Feeling the Energy Park / Carlo Ratti Associati + Italo Rota
Feeling the Energy Park / Carlo Ratti Associati + Italo Rota
Text description provided by the architects. At Milan Design Week 2022, international design and innovation office CRA-Carlo Ratti Associati and architect Italo Rota unveil a project that turns the city’s Botanical Garden into an energy park. “Feeling the Energy” makes use of 500 meters of digitally bent copper pipe to create a sensorial path where people can explore different forms of sustainable energy production and consumption. The project is developed for Plenitude as part of the Design Week’s INTERNI Re. Generation exhibition. The copper is provided by KME, one of the world’s largest producers of this material. “Feeling the Energy” will be open to the public until 13th June 2022.
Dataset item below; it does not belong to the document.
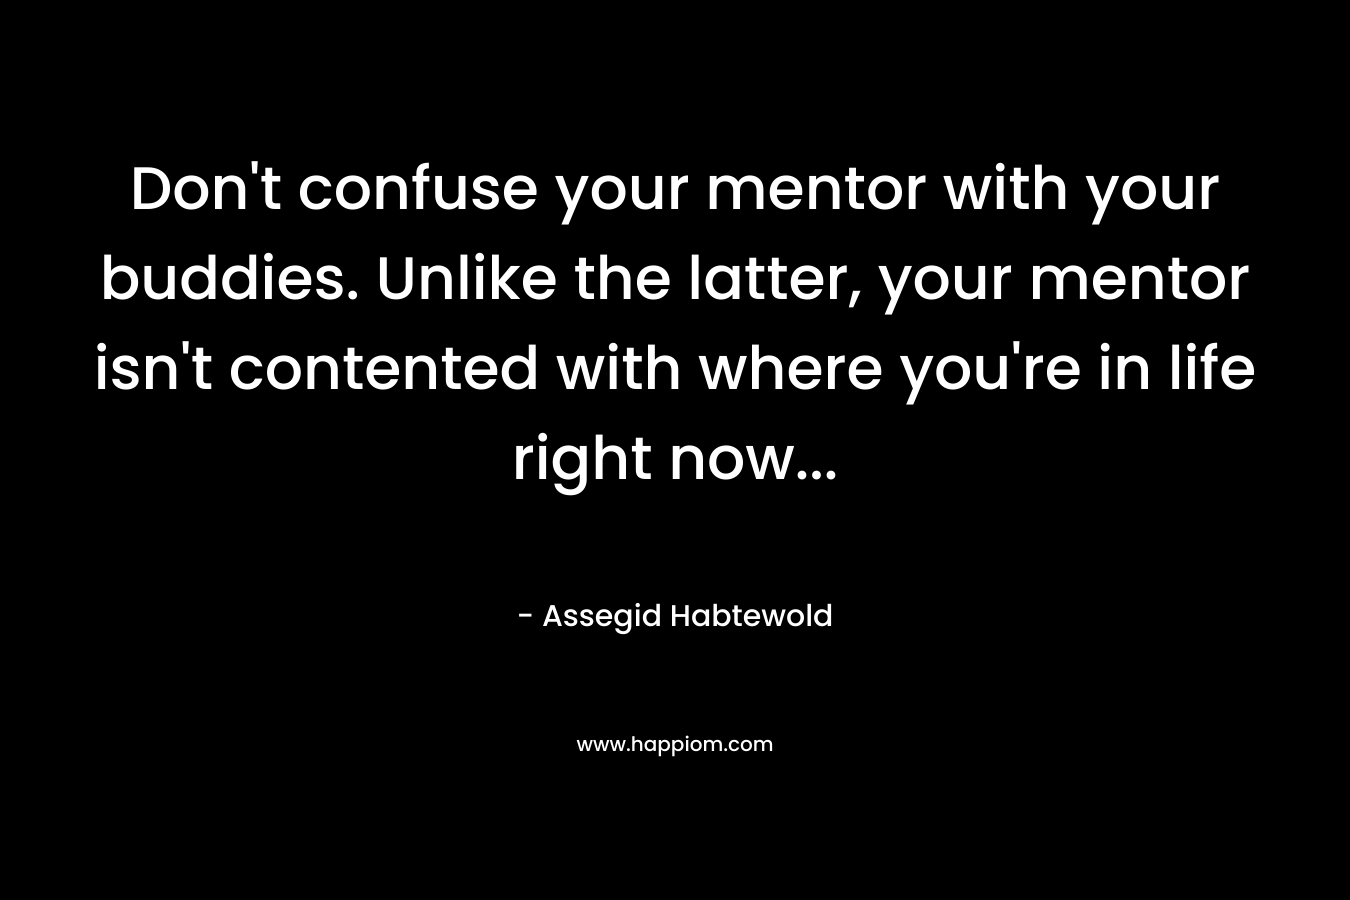 Don't confuse your mentor with your buddies. Unlike the latter, your mentor isn't contented with where you're in life right now...

The installation invites people to wander through Milan’s historical Botanical Garden, in a sequence of six main stages: Energy Carousel, Garden Orchestra, The Leading Logo, Powering Vibrations, Blinds in the Sun, and Solar Garden. These make it possible to directly experience how energy can be produced from the sun, wind, and people’s movements. Each step features a different object, all made of copper. The installation harvests and stores energy during the day, using it to illuminate the Botanical Garden in the evening. It also powers water vaporizers that will cool the garden pathways while at the same time nourishing the vegetation.
Visitors access the Botanical Garden and immediately discover a majestic carousel where they can experience the energy in motion. After that, people can walk under a series of portals that plays sequences from the renowned Four Seasons symphony by Italian baroque composer Antonio Vivaldi, performed by the Ensemble Strumentale la Barocca of the Symphony Orchestra of Milan. The exhibition path also includes a giant vibraphone which people are invited to play. Moreover, a tunnel with colored diaphragms laden with organic photovoltaic panels can be opened or closed by those wandering through it, while a canopy features sensors that can detect people’s presence and activate a cool mist.
“The installation is inspired by the functioning of plant organisms,” says Carlo Ratti, founding partner at CRA and director of the MIT Senseable City Lab: “As trees in a forest draw energy from different sources and then use it locally where they need it – in a certain branch or the end of a leaf – the long copper tube of ‘Feeling the Energy’ absorbs energy in its entire length and then uses it in specific points of the installation path.”
“Playing is a fundamental activity for every human being. This installation suggests new links between play and the world of energy. It shows us that every time we consume energy – whether it’s on a carousel or a swing, or even while producing sound waves – we can recover some of that energy. In addition, the installation hints closely at the theme of efficiency. A simple gesture such as orienting the photovoltaic panels allows us to think practically about saving and optimizing resources,” says Italo Rota, founder of Italo Rota Building Office.
The Plenitude project illustrates what a self-sufficient energy infrastructure looks like, where discrete points are connected in a microgrid. The installation reproduces, on a small scale, what happens with urban, national and even transcontinental energy networks: complex distribution channels are able to connect and supply each node over a long journey. Moreover, the copper tube features antimicrobial properties, which are particularly beneficial to allowing safe contact between visitors joining the experience. The same material will be reused at the end of the event, following the principles of circular design.
CRA has explored the Natural and the Artificial as well as energy production at different scales, in a variety of projects. These include Cloud Cast, a system that uses motion tracking and ceiling-mounted misting elements to provide localized cooling, and The Greenary, a private house built around a 10-meter-tall ficus tree in northern Italy. At previous Design Week exhibitions, CRA developed temporary installations that use technology to devise alternative sustainable futures. For instance Living Nature, in Milan’s main square Piazza del Duomo recreated a garden pavilion where all four seasons coexist with each other at the same time, thanks to an innovative energy management system for climate control.